Sometimes, while preparing for autumn,
I go about picking up the memories I scattered in summer, one by one,
but that blunted love—I just can’t bring myself to take it with me.
One day, just as that summer was beginning,
I first saw that love—
with a deep and tightly packed core,
a bright yellow exterior, solid and unblemished, dazzling to behold.
I grasped that love without hesitation.
I felt I could draw any picture, no matter the shape,
write even the hardest of stories endlessly and beautifully.
So it was, at the height of that summer,
the love I held had grown quite short.
Its core cracked and worn,
its body tired and marked with my fingernail dents, my bite marks.
Yet still, I resented that love—
for not being the same as before.
Then one day, as the summer’s heat began to ease,
I happened to gaze upon a white wall
filled with drawings and stories.
But what I had drawn and written
by sharpening away that love
wasn’t a deep, beautiful yellow like poster paint.

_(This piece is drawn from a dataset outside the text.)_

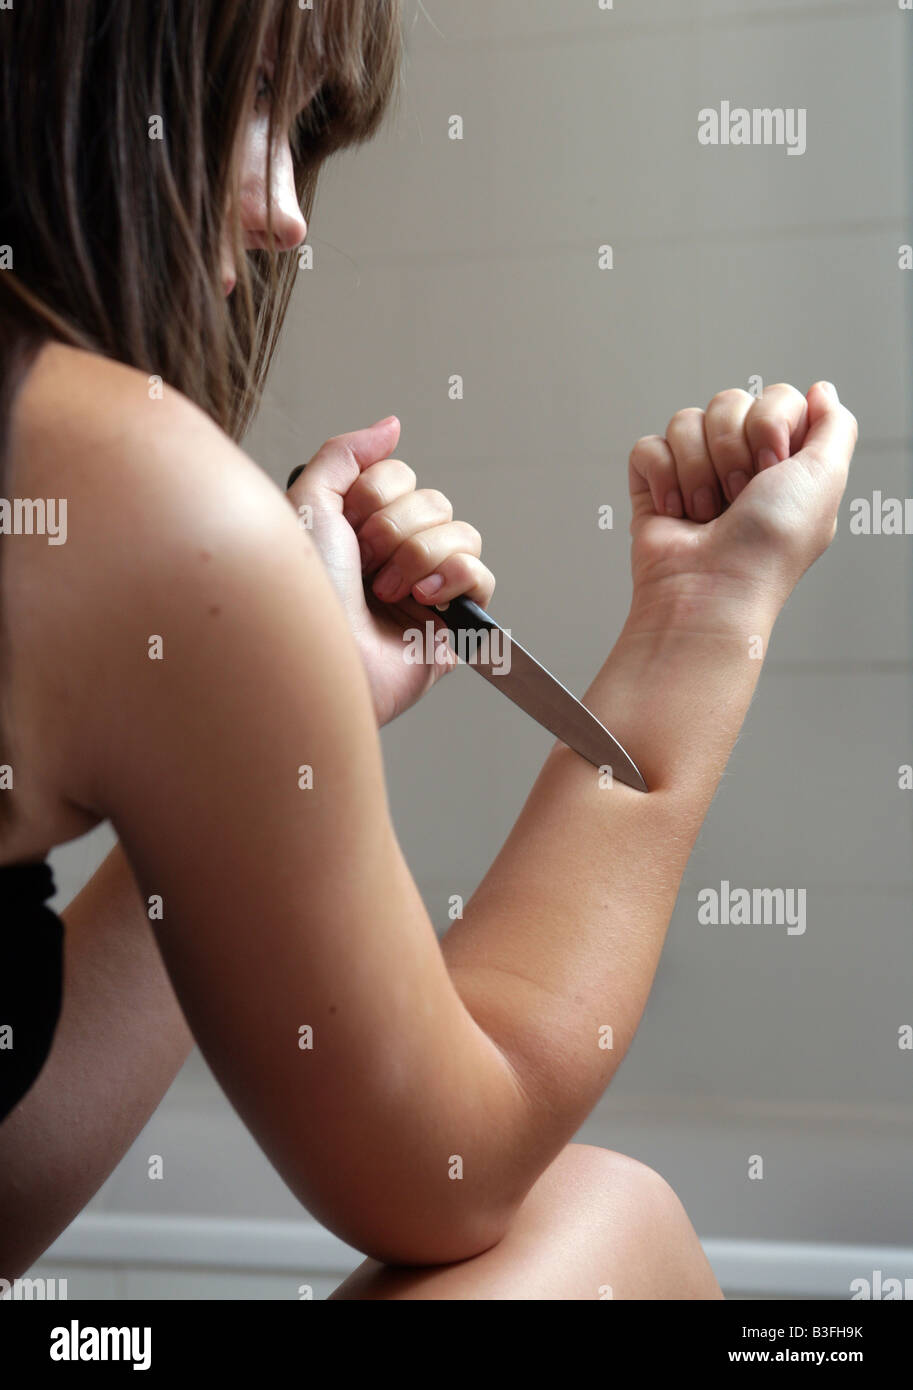 junge Frau verletzt sich selbst mit einem Messer Stockfoto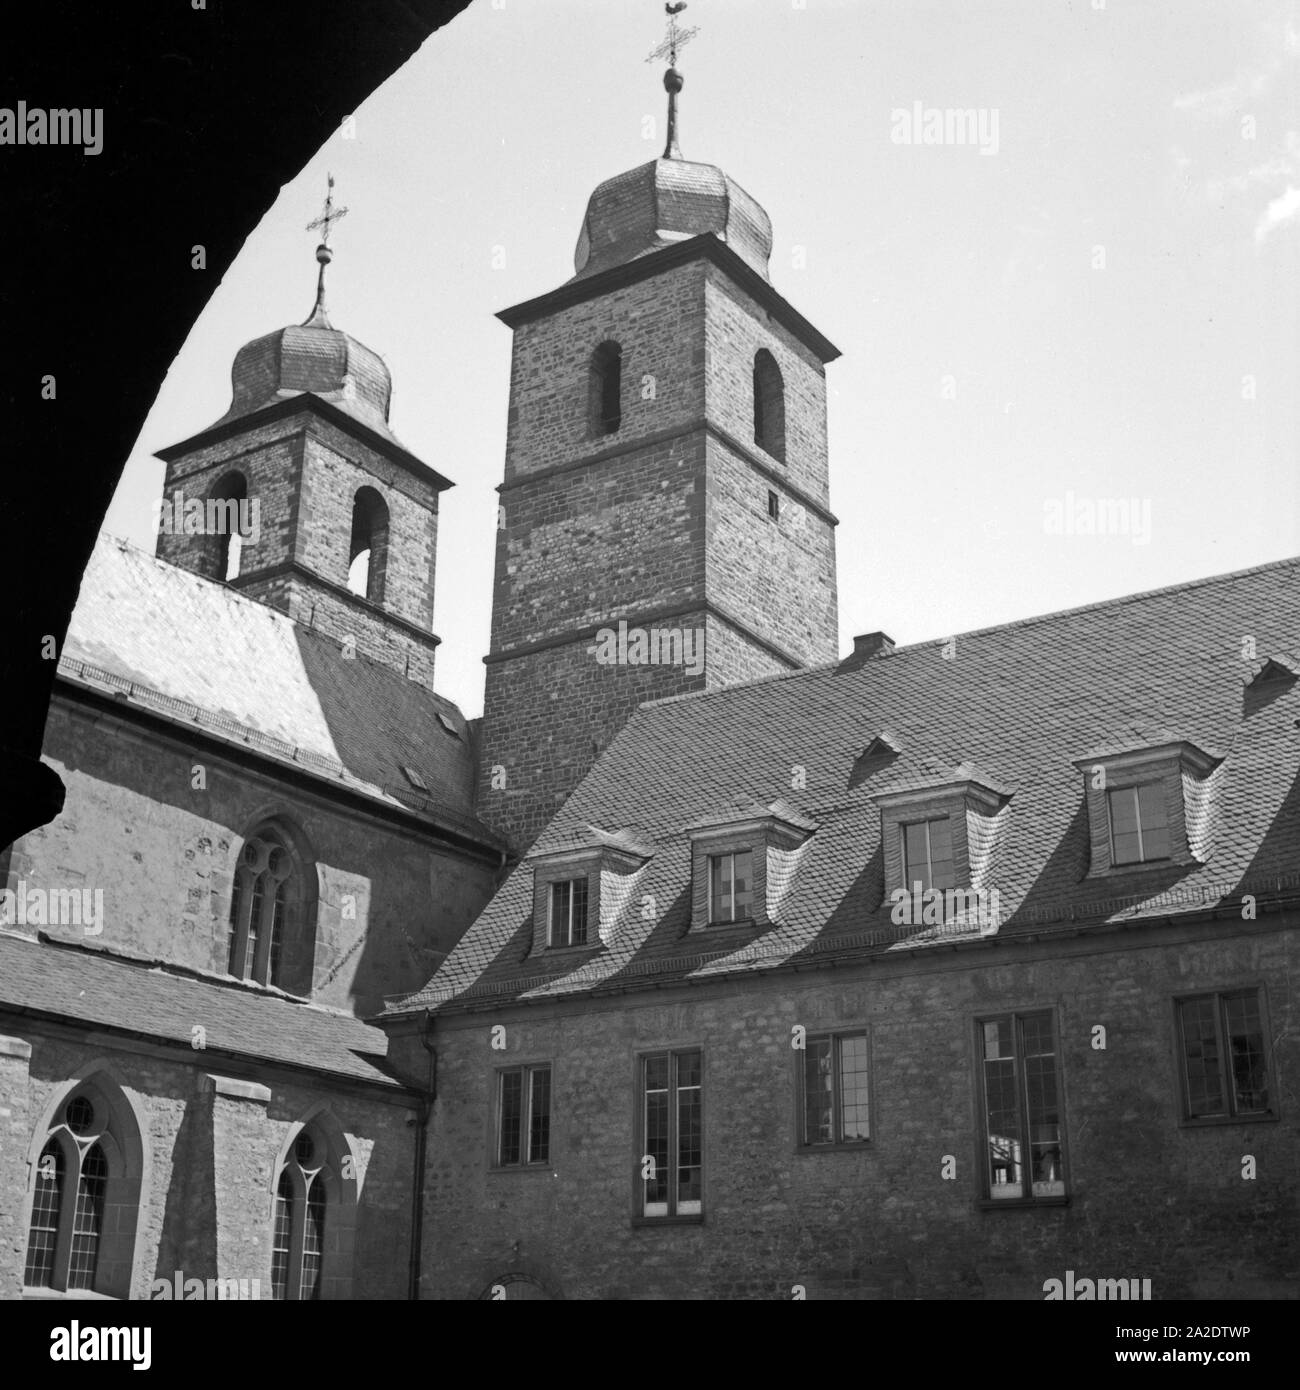 Die Türme der Andreaskirche in Worms, Deutschland 1930er Jahre. I campanili di la chiesa di S. Andrea a Worms, Germania 1930s. Foto Stock

It was only my pitch-black selfishness.
Blunted by my greed,
longing and passion alike had all been shaved away.
It was a love worn down like a stubby pencil.
Now I can’t bring myself to carry this blunted love—
Could I, perhaps, recover it in a summer yet to come?
Might I meet it again,
tall and unwavering like a sunflower?
Will I be able to paint,
in vibrant strokes,
a summer overflowing with beautiful and bountiful memories?
This one deep, thick longing—I cannot seem to soothe it.